Em definitivo, nota-se que muitos são os inconvenientes deste posicionamento que fixa como o termo a quo para a incidência da multa o trânsito em julgado da decisão: 1) possível responsabilidade dos advogados por um ato que é personalíssimo da parte; 2) as dificuldades práticas ocasionadas pela ausência dos autos em primeira instância (uma vez que a ausência dos autos dificulta a elaboração dos cálculos pelo devedor); 3) expressa disposição legal de que os prazos para as partes contam-se da intimação (art. 240, CPC); 4) os mandamentos constitucionais determinam adequada publicidade para o cumprimento do julgado.
Assim sendo, por todos os argumentos acima lançados é que esta primeira concepção deve ser, d.v., preliminarmente rechaçada.
TERMO INICIAL: COM A INTIMAÇÃO DA PARTE POR INTERMÉDIO DE SEU ADVOGADO
Uma parcela da doutrina e da jurisprudência entende que somente depois da intimação do devedor, por intermédio de seu advogado, é que será aberto o prazo de quinze dias para cumprimento voluntário da decisão. Trata-se de uma corrente intermediária, tendo em vista que se afasta da primeira concepção acima tratada (que entende que o prazo flui do trânsito em julgado da decisão) por visualizar os problemas práticos que ela acarreta e, por outro lado, afasta-se do entendimento que afirma ser imprescindível a intimação pessoal do devedor, por entender que a intimação da parte esbarraria no principal objetivo da reforma processual, qual seja, a celeridade.
Cássio Scarpinella Bueno (2006) defende este posicionamento. Para ele, conforme abordado no item anterior, a intimação da parte, por intermédio de seu advogado, é imprescindível em nome do modelo constitucional do processo civil, já que a fluência de prazos não pode depender de impressões subjetivas. Assim, é necessário que o devedor seja comunicado, na pessoa de seu causídico, que a decisão está apta a ser cumprida. Vejamos os seus ensinamentos:
Por estas razões, forte na noção constitucional de que o cumprimento escorreito do julgado pressupõe adequada publicidade e condições materiais suficientes que atestem que há uma decisão judicial eficaz, apta para ser cumprida (e que tais condições limitem-se ao recebimento dos autos em que proferida a decisão exeqüenda ao primeiro grau de jurisdição, importa menos), é que ainda prefiro, com renovadas vênias, manter o entendimento de que o prazo do art. 475-J depende de prévia ciência do devedor, por intermédio de seu advogado, de que o julgado reúne as condições suficientes para cumprimento.
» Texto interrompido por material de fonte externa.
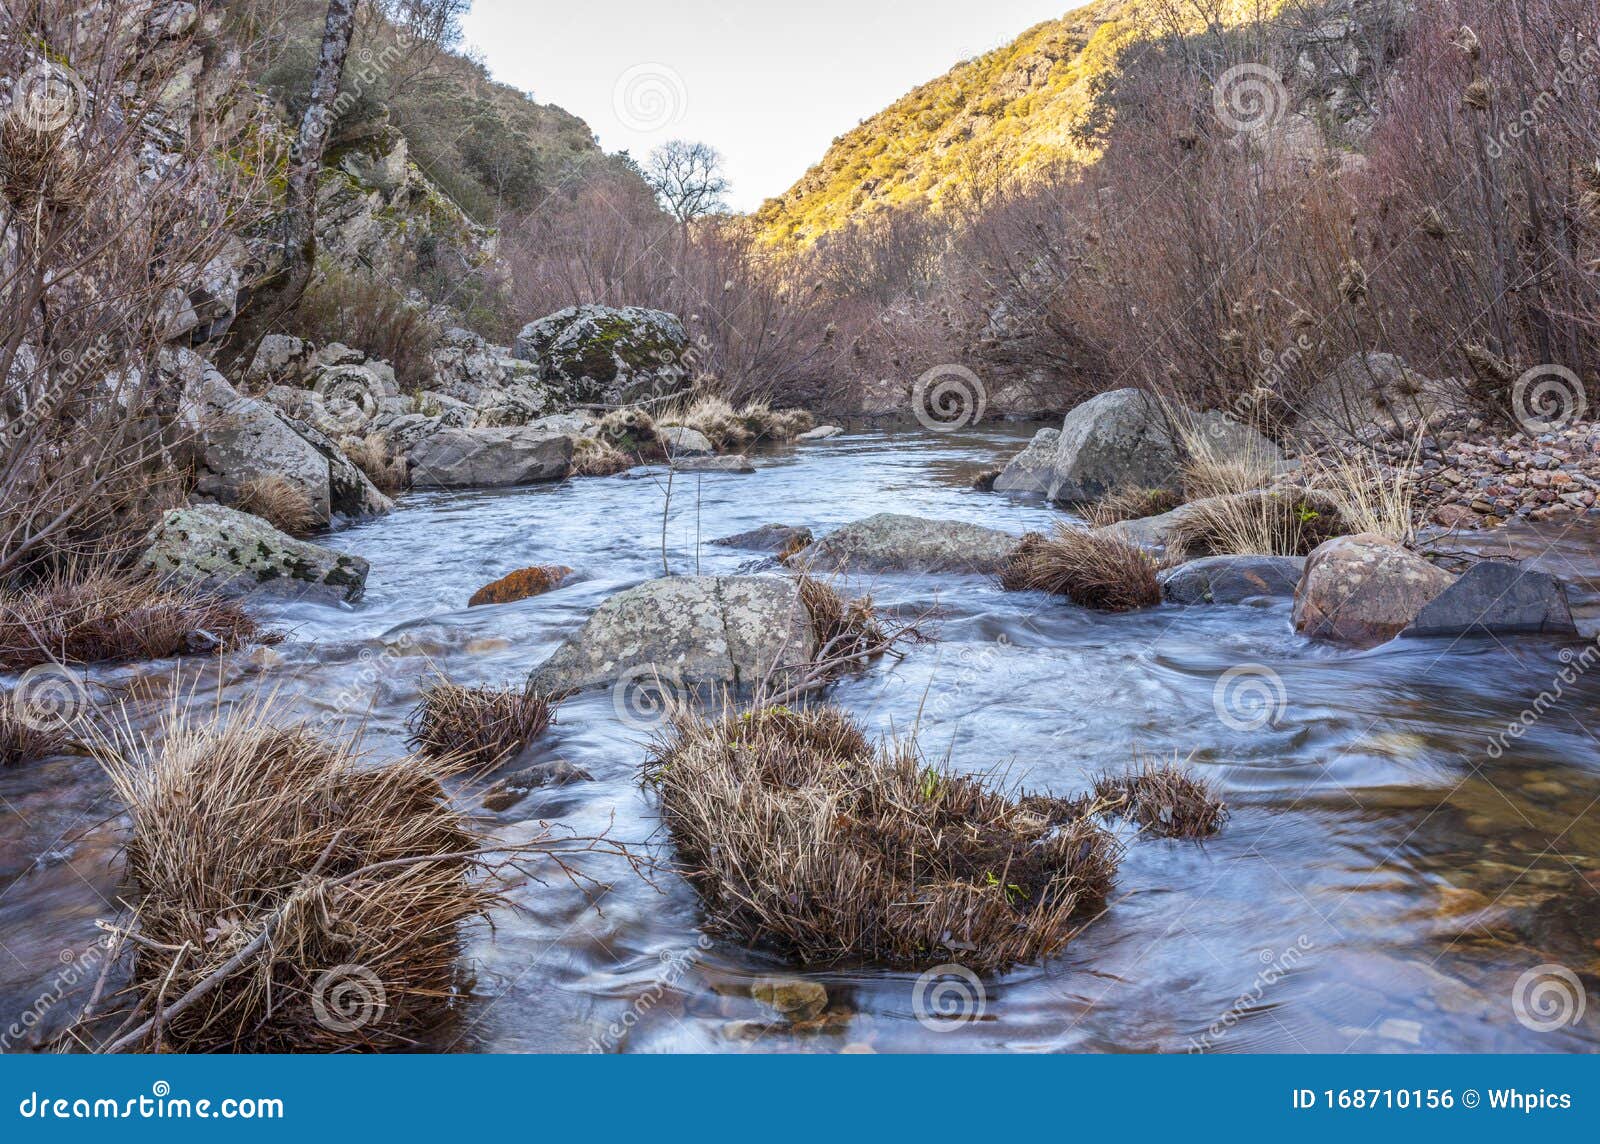 river estena flowing in winter. national park of cabaneros, spain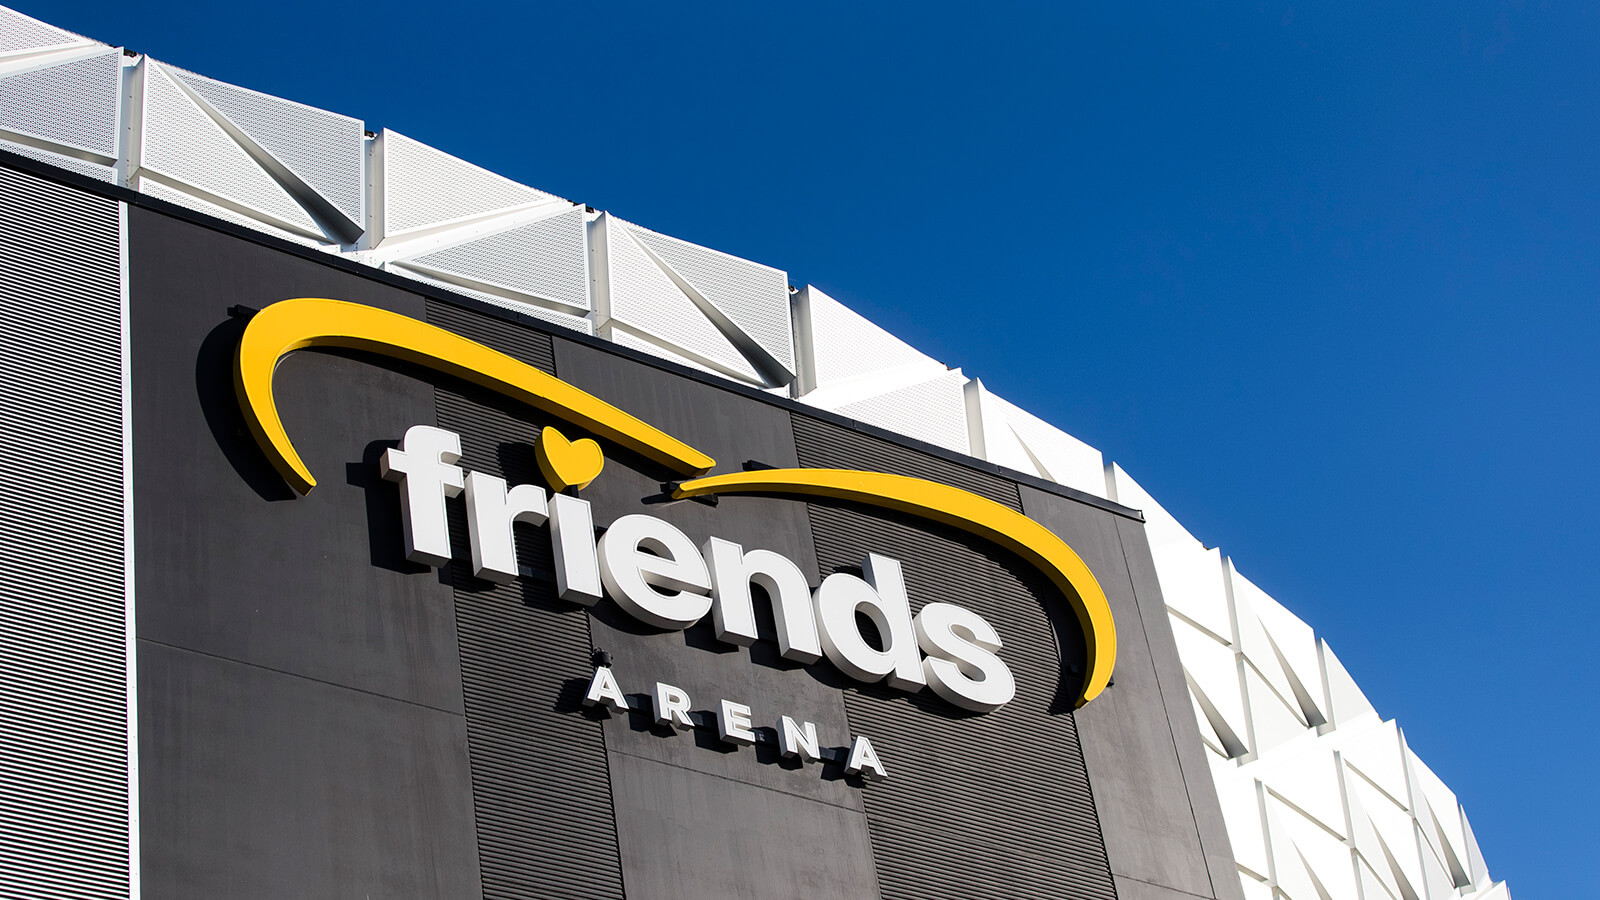 Friends Arena

E o “cumpra-se o v. acórdão”, para manter os olhos na vida do foro, parece-me, ainda, ser um bom momento para tanto – não exclusivo e não necessário, evidentemente, mas oportuno para manter, para a “fase de cumprimento da sentença”, as garantias exigidas pela Constituição Federal e que devem afetar todo o “ser” do processo civil. (sem grifos no original)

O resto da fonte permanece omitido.